Y un apunte práctico para el contrato: la fianza y las garantías adicionales siguen su régimen habitual, y conviene dejar claro quién responde de los desperfectos cuando quien vive en el piso no es quien firma. Es justo el hueco por el que se cuelan las discusiones al final del arrendamiento.

Contenido informativo, no asesoramiento jurídico. Cada caso es distinto; ante una situación concreta, consulta con un profesional.

Preguntas frecuentes

¿Se puede alquilar una vivienda a una empresa?

Sí, es perfectamente legal y habitual cuando la sociedad aloja en ella a un empleado. Lo que cambia respecto a alquilar a un particular es el tratamiento fiscal, que depende de que el contrato acredite que el destino del inmueble es exclusivamente vivienda.

¿Lleva IVA el alquiler de una vivienda a una empresa?

El artículo 20.Uno.23.º de la Ley del IVA declara exentos los arrendamientos de edificios destinados exclusivamente a viviendas, y excluye de la exención los destinados a ser subarrendados. Si el contrato identifica a la persona que va a ocupar la vivienda, fija el uso residencial y prohíbe el subarriendo, se sostiene la exención; si no lo hace, existe el riesgo de que la operación se considere sujeta al 21%.

¿Qué cláusulas debe tener el contrato con una empresa?

Tres: identificar por su nombre a la persona física que va a ocupar la vivienda, declarar que el uso es como vivienda habitual de esa persona y prohibir expresamente el subarriendo y la cesión del contrato. Además, el contrato no debe facultar a la empresa a designar después a otro ocupante: la doctrina del TEAC recogida en la consulta V0983-17 exige que las personas usuarias figuren de manera concreta y específica desde la firma.

¿Me pueden aplicar la reducción del IRPF si el inquilino es una sociedad?

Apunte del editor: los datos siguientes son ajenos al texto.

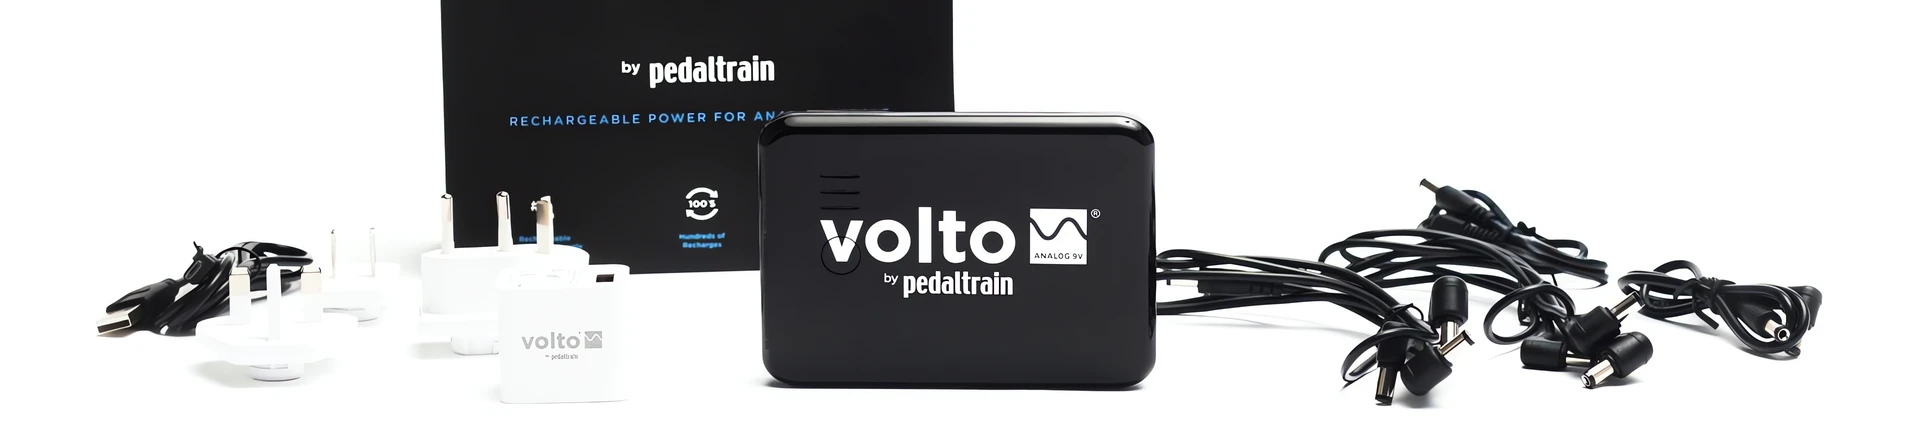 Volto 2 - Nowa wersja zasilacza od Pedaltrain

La reducción del artículo 23.2 de la Ley del IRPF se aplica a los arrendamientos de inmuebles destinados a vivienda. El criterio es el destino real del inmueble, no quién firma, de modo que las mismas cláusulas que sostienen la exención del IVA sirven para acreditarlo.

¿Tiene que retenerme la empresa el 19% del alquiler?

Con carácter general, un arrendatario empresario o profesional retiene el 19% (artículo 100 del Reglamento del IRPF). Pero el artículo 75.3.g).1.º excluye de la obligación de retener el arrendamiento de vivienda por empresas para sus empleados, que es justamente este supuesto.

¿Es un contrato de vivienda o de uso distinto?

Es una cuestión discutida: el artículo 2 de la LAU define el arrendamiento de vivienda por la necesidad permanente de vivienda del arrendatario, y una sociedad no la tiene. De la calificación dependen las prórrogas obligatorias y otras normas imperativas, así que lo prudente es que el contrato indique expresamente el régimen y la duración pactada.